BACKGROUND: Magnesium supplementation may reduce the incidence of arrhythmias, which often occur after cardiac surgery; however, recent findings of the effectiveness of magnesium prophylaxis have yielded discrepant results. METHODS: We searched electronic databases for randomized controlled trials of magnesium for the prevention of arrhythmias after cardiac surgery. The primary outcomes comprised the incidence of supraventricular and ventricular arrhythmias, and the secondary outcomes comprised serum magnesium concentration, length of hospital stay, myocardial infarction, and mortality. Effect sizes were estimated using a random-effects model. RESULTS: Seventeen trials (n=2069 patients) met the inclusion criteria. Pooled serum magnesium concentration at 24 hours after surgery in the treatment group was significantly higher than that in the control group (weighted mean difference=0.45 mmol/L [1.1 mg/dL]; 95% confidence interval [CI]: 0.30 to 0.59 mmol/L [0.7 to 1.4 mg/dL]; P <0.001).

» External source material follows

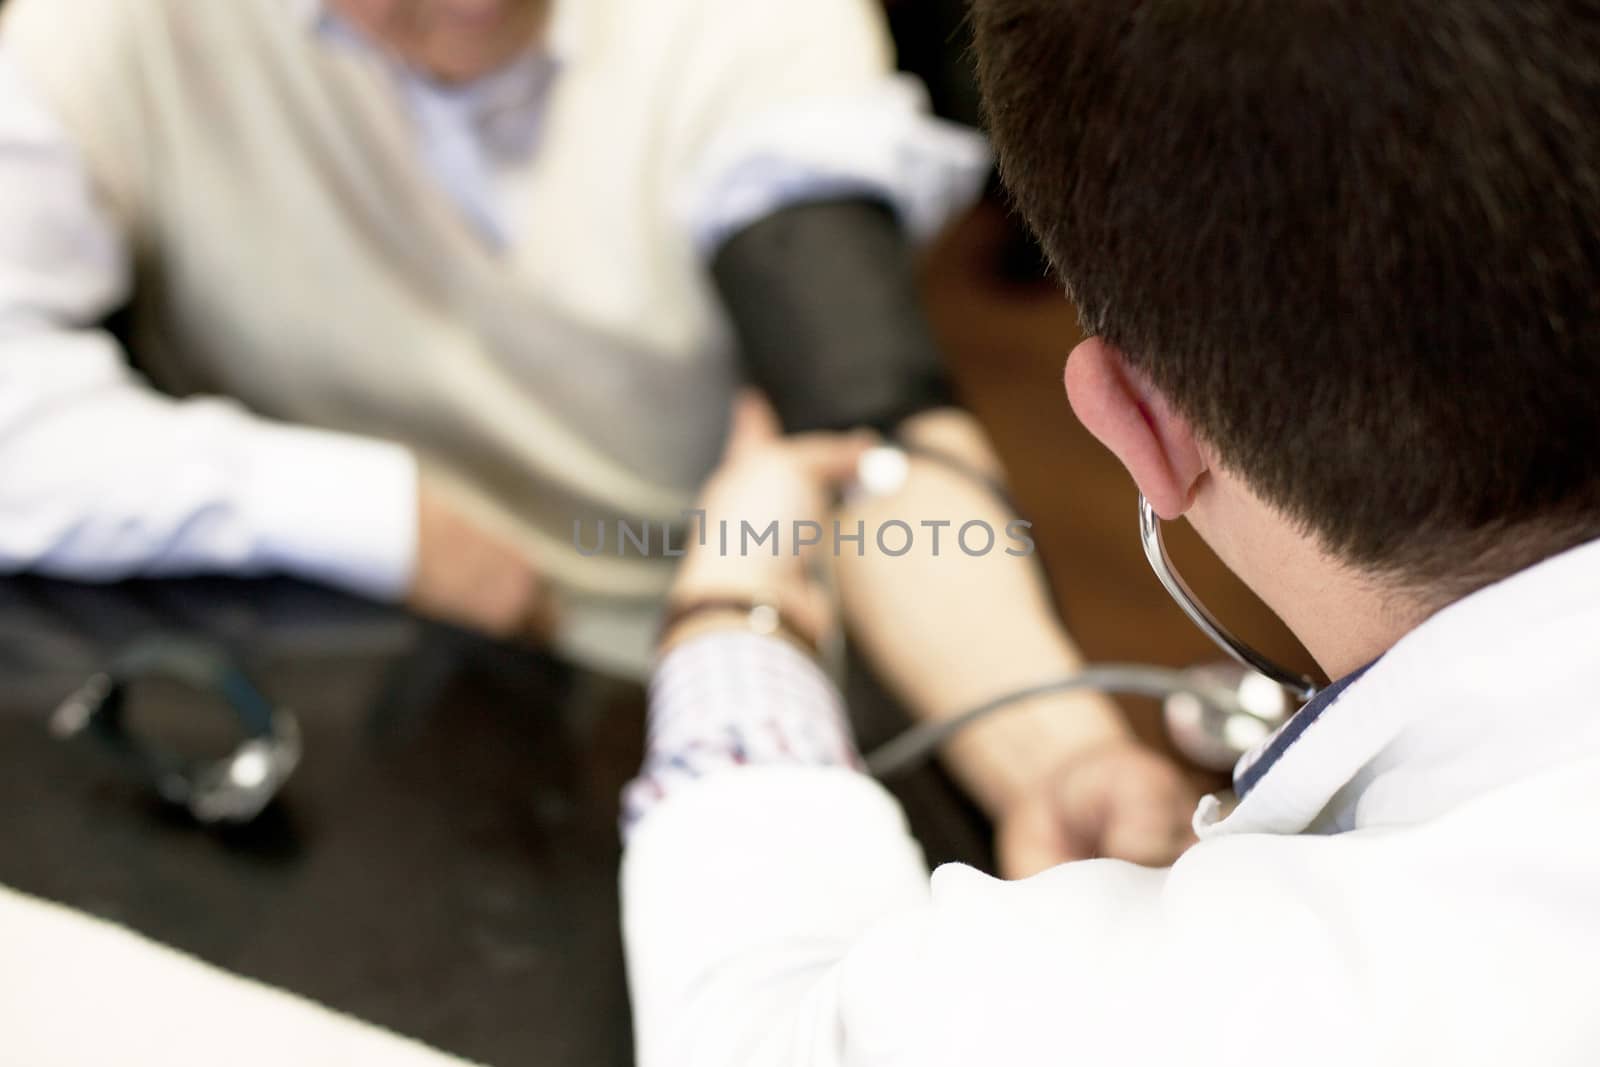 Measuring blood pressure by wellphoto
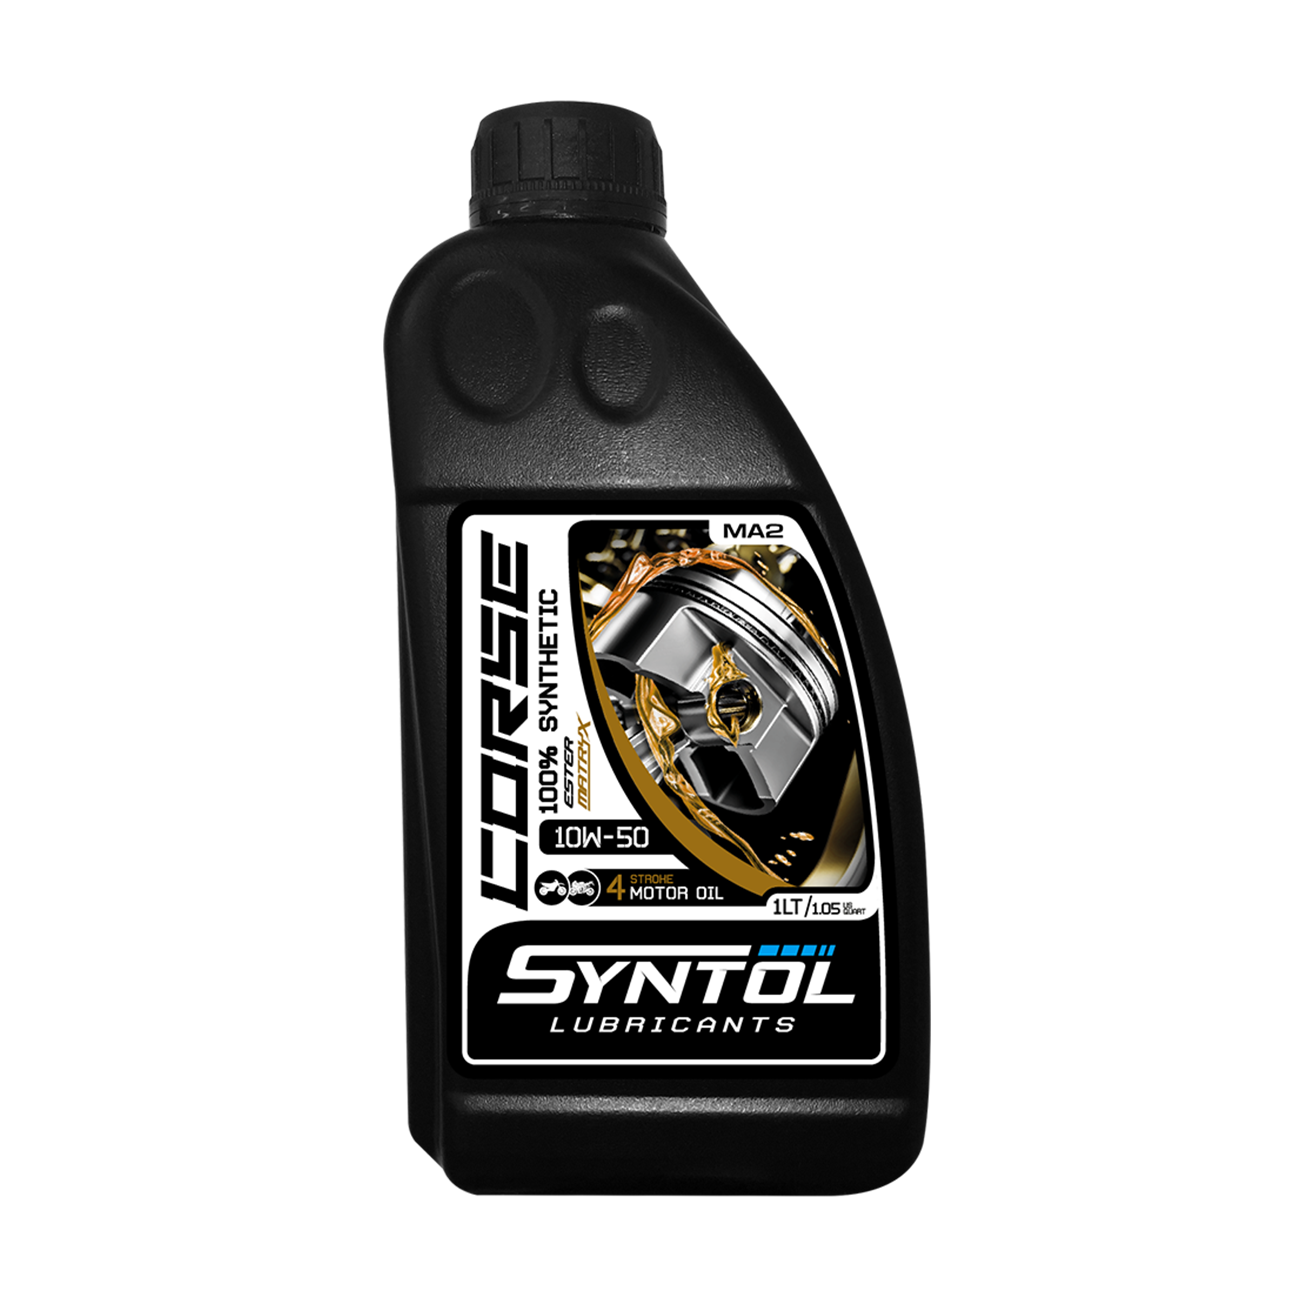 SYNTOL CORSE 4T 10W-50 1 litre motor oil container

Magnesium supplementation reduced the risk of supraventricular arrhythmias (relative risk [RR]=0.77; 95% CI: 0.63 to 0.93; P=0.002) and ventricular arrhythmias (RR = 0.52; 95% CI: 0.31 to 0.87; P <0.0001), but had no effect on the length of hospital stay (weighted mean difference=-0.28 days; 95% CI: -0.70 to 1.27 days; P=0.48), the incidence of perioperative myocardial infarction (RR=1.03; 95% CI: 0.52 to 2.05; P = 0.99), or mortality (RR=0.97; 95% CI: 0.43 to 2.20; P=0.94). CONCLUSION: Administration of prophylactic magnesium reduced the risk of supraventricular arrhythmias after cardiac surgery by 23% (atrial fibrillation by 29%) and of ventricular arrhythmias by 48%. Supplementation had no notable benefit with respect to length of hospitalization, incidence of myocardial infarction, or mortality.